(Input data)
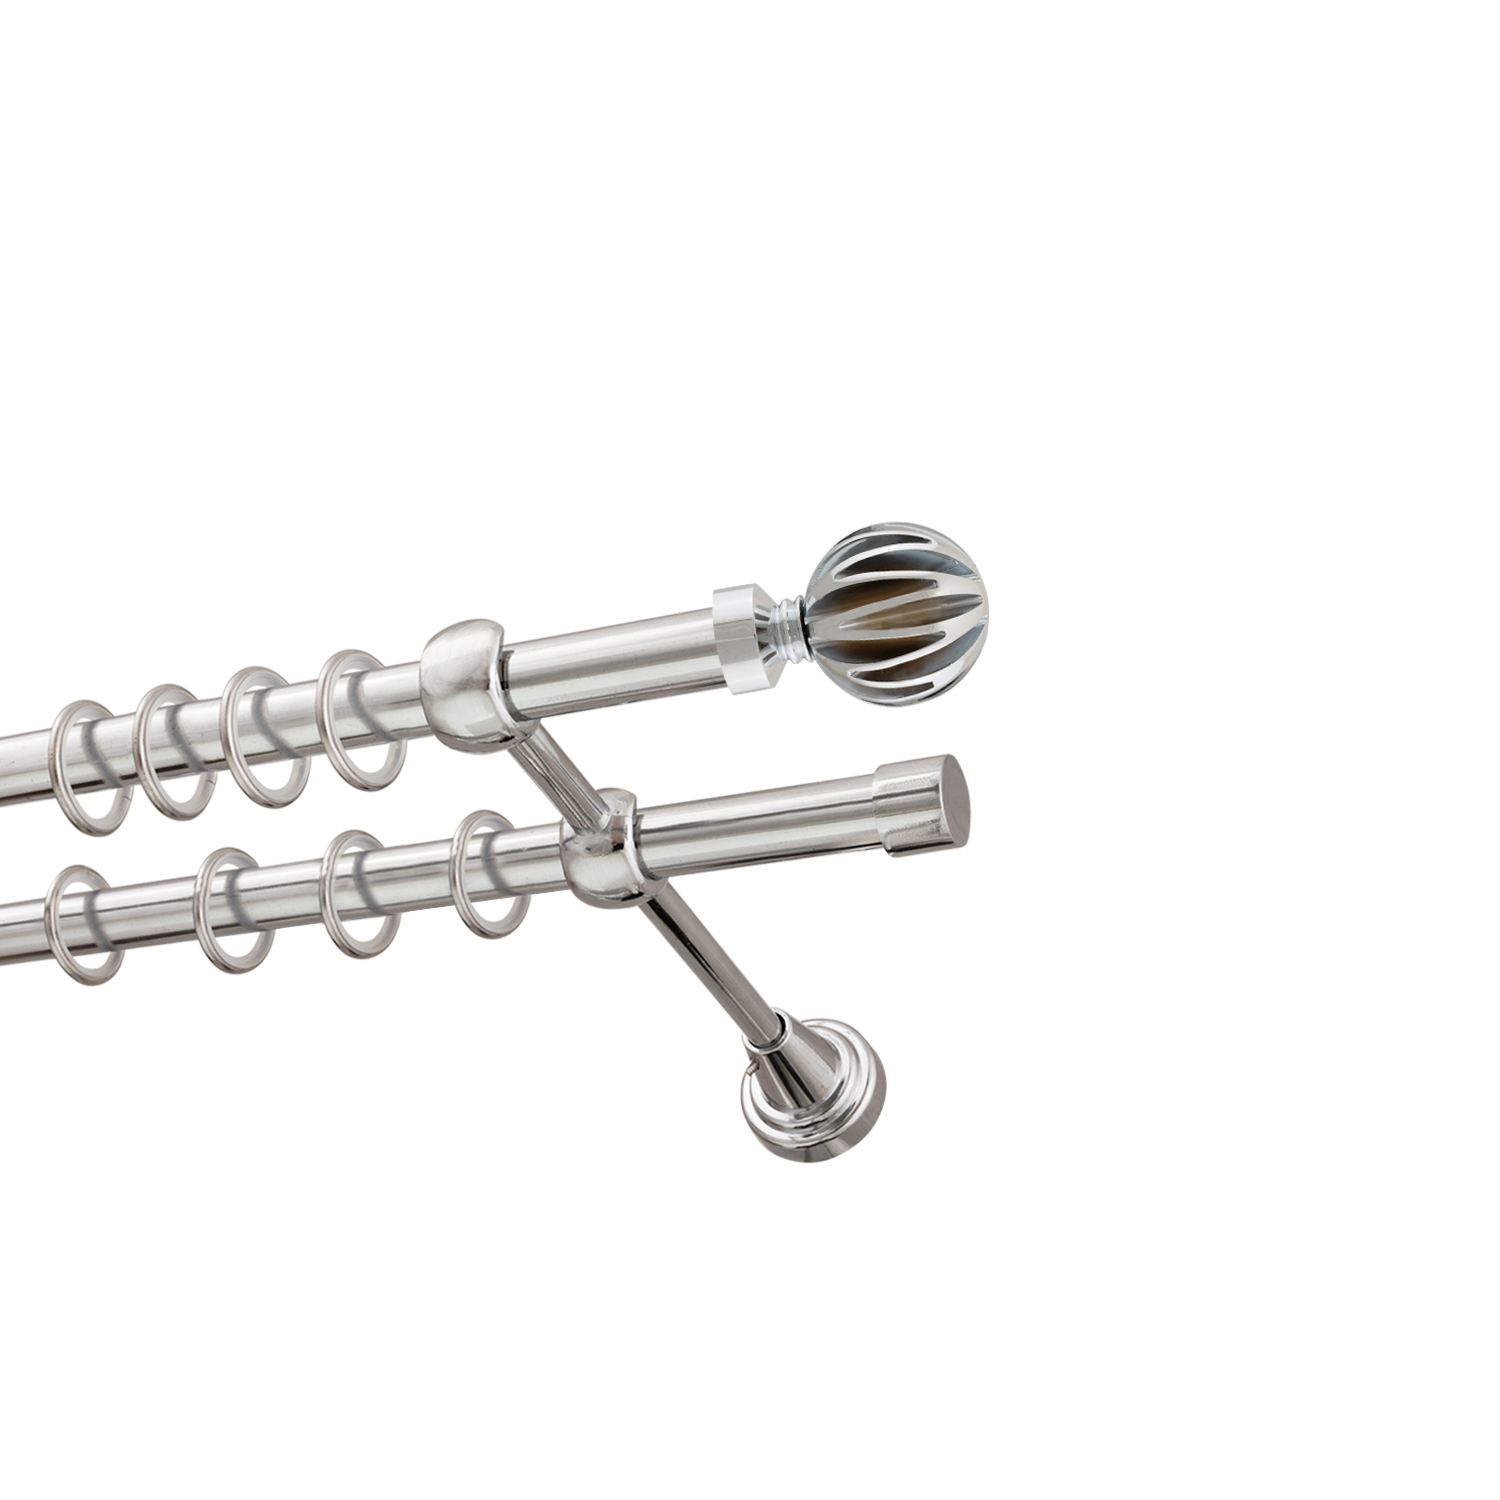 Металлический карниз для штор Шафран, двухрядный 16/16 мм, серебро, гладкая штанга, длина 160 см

---

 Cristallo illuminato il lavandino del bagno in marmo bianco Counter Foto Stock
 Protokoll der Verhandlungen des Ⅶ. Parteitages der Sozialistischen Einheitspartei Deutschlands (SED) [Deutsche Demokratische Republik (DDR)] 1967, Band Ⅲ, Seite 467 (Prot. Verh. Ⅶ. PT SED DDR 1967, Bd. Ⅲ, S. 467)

(Directions for this task) Write out exactly the lines that fall from the line with "Cristallo illuminato il" to the line with "Protokoll der Verhandlungen" in the records above, keeping both ends.

(Exercise answer)
 Cristallo illuminato il lavandino del bagno in marmo bianco Counter Foto Stock
 Protokoll der Verhandlungen des Ⅶ. Parteitages der Sozialistischen Einheitspartei Deutschlands (SED) [Deutsche Demokratische Republik (DDR)] 1967, Band Ⅲ, Seite 467 (Prot. Verh. Ⅶ. PT SED DDR 1967, Bd. Ⅲ, S. 467)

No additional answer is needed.